The Internet Society expands its Mutually Agreed Norms for Routing Security, or MANRS, to IXPs as a means to protect the internet from route hijacking, leaks and IP address spoofing.

Manners maketh man, as the saying goes, and MANRS could soon maketh networks.

Attackers continue to exploit weakness in the way Border Gateway Protocol (BGP) servers exchange routing information to hijack routes and use spoofed IP addresses. But the Internet Society, or ISOC, has expanded its efforts to cut down on those attacks through the expansion of its Mutually Agreed Norms for Routing Security (MANRS) initiative to include a new program aimed at internet exchange points (IXPs).

The new program was announced just a day before the latest high-profile BGP routing security incident, in which unknown attackers hijacked routes to cryptocurrency wallet provider MyEtherWallet and stole over $150,000 worth of the Ethereum cryptocurrency.

In its announcement, ISOC noted the scale of the problems with routing.

"Routing security is vital to the future and stability of the internet. In 2017 alone, 14,000 routing outages or incidents -- such as hijacking, leaks, spoofing and large-scale Denial of Service (DoS) attacks -- led to stolen data, lost revenue, reputational damage and more," ISOC wrote. "MANRS addresses these threats through technical and collaborative action across the internet. The security of the internet as a whole depends on routing security."

The MANRS initiative addresses vulnerabilities in the internet routing system that, when exploited, allow an attacker to impersonate a network and attract network traffic intended for that network, said Andrei Robachevsky, technology program manager for ISOC. MANRS practices are also aimed at eliminating route leaks. In those incidents, a network operator "announces a network prefix learned from another provider, injecting itself in the path of traffic destined to this network" and traffic with spoofed source IP addresses, which Robachevsky said "is the root cause of volumetric reflection and amplification attacks."

The objective of the MANRS program is to "provide guidance to network operators in addressing issues of security and resilience of the global internet routing system," according to the MANRS program site. "Another important goal is to document the commitment of industry leaders to address these issues, which should amplify the impact as more supporters join."
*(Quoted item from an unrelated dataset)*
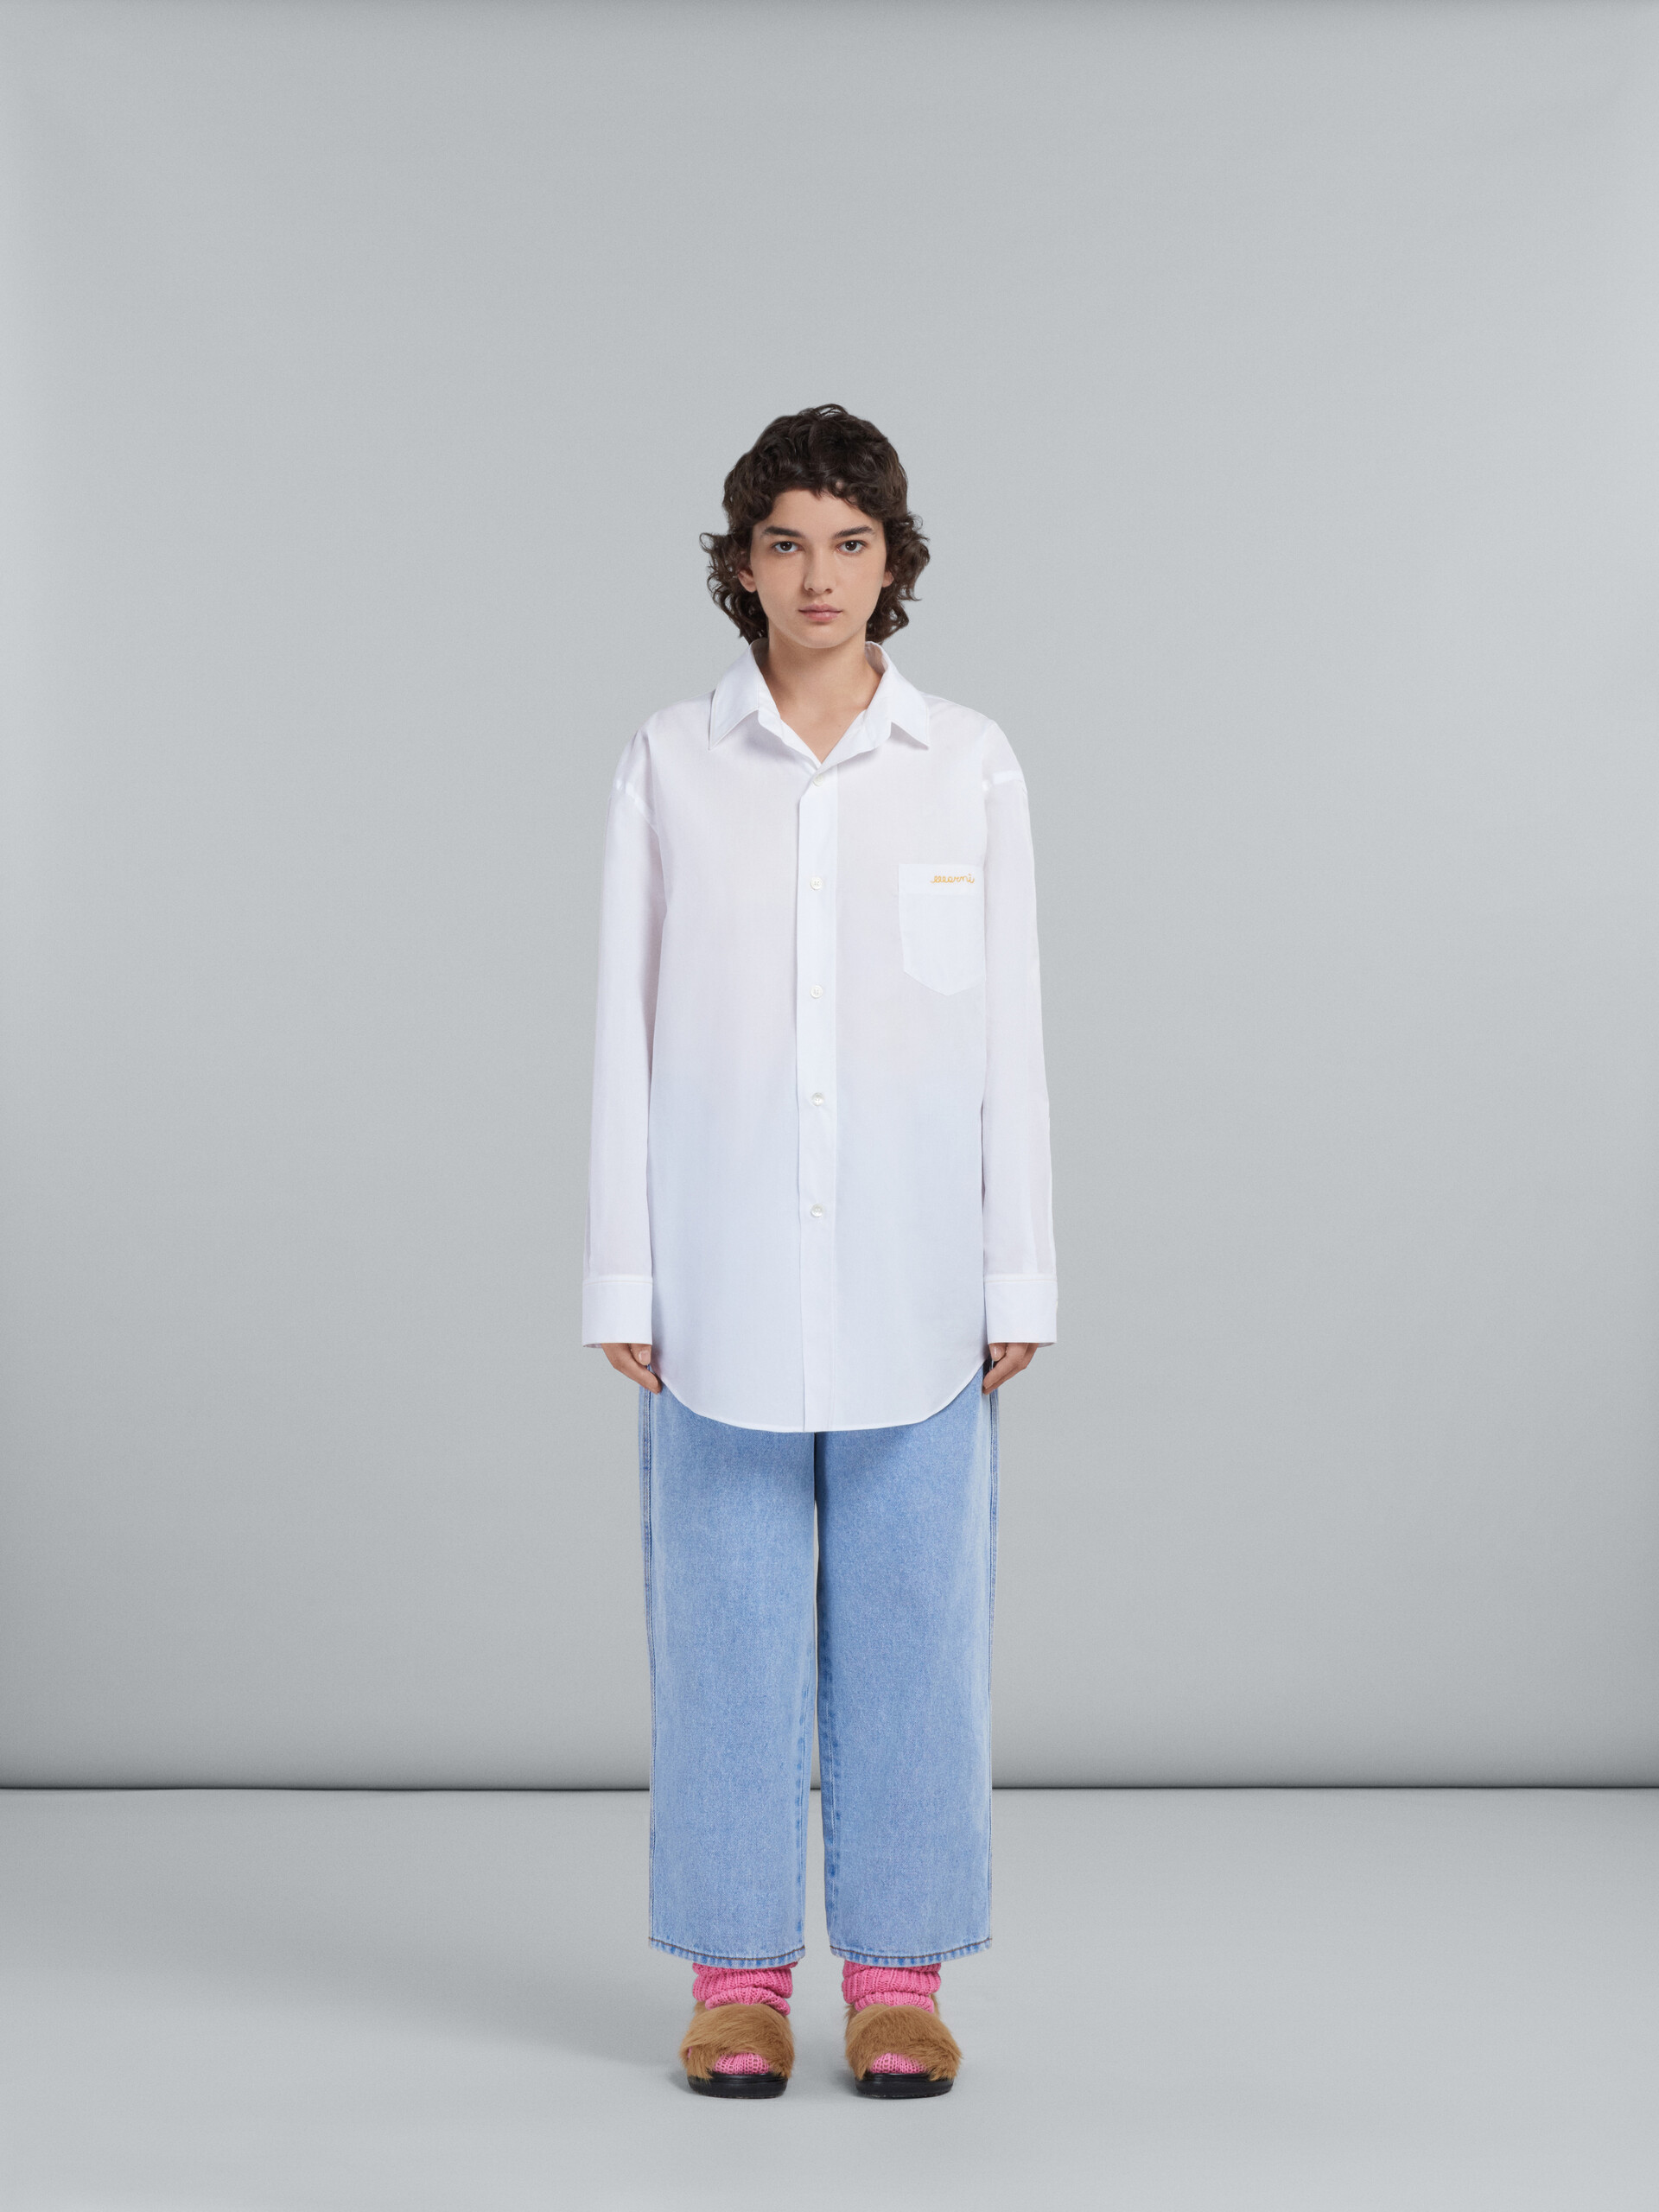 Loose trousers in light blue denim with embroidery - Pants - Image 2

The MANRS program was launched in 2014 by, and for, members of the network operator community to promote "security and resilience of the global routing system." Network operators generally include internet and other communication service providers that participate in the global internet routing infrastructure. IXPs are physical exchange points where network operators are able to exchange traffic between internet service providers (ISPs); they may be operated by for-profit or not-for-profit enterprises, by educational or government agencies, or by network groups.
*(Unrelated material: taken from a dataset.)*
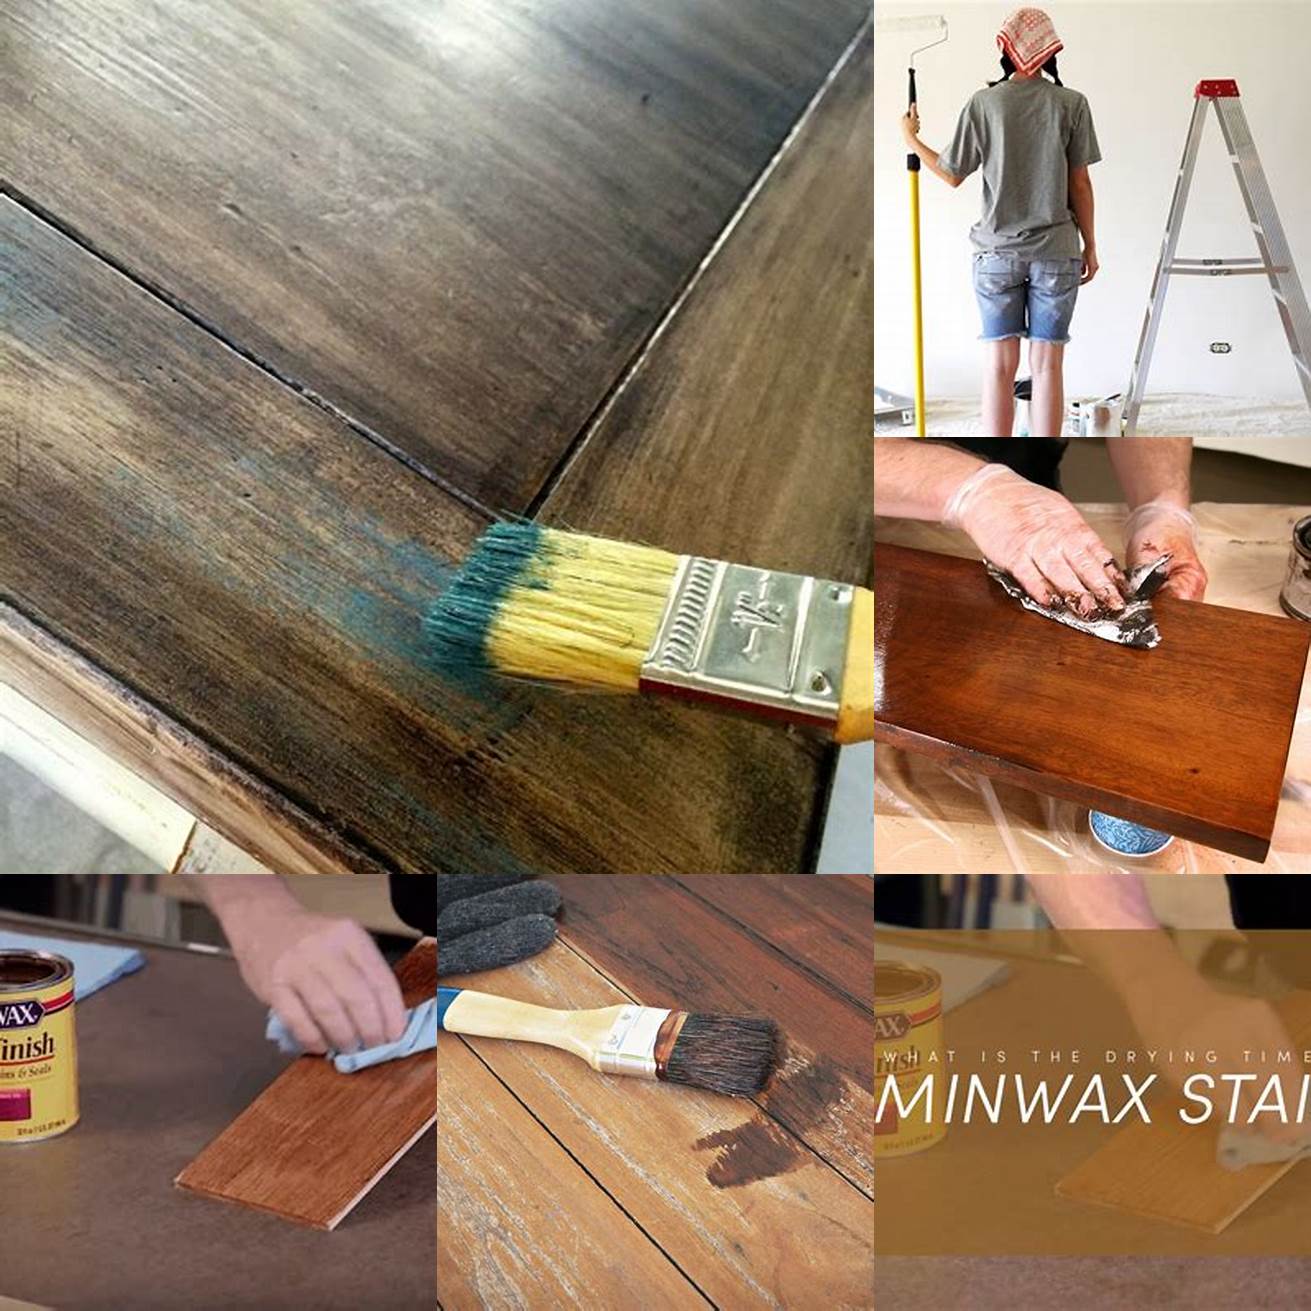 3 Allow the stain or paint to dry completely before using your new workspace

The MANRS for IXP program launched with 10 internet exchange points participating out of 630 IXPs registered in the PeeringDB, a public database of peering networks, according to Robachevsky.

"The 10 founding participants include several of the biggest IXPs by number of members and traffic volume," he said, adding that "the program is also starting with good global coverage -- Africa, Europe, Latin and North America, taking into account that IXP memberships overlap. The aspiration is, of course, that this becomes a norm for every IXP and all of them join, but it is hard to say what is the tipping point. What is important at this stage is the uptake, the dynamics of the growth of this program."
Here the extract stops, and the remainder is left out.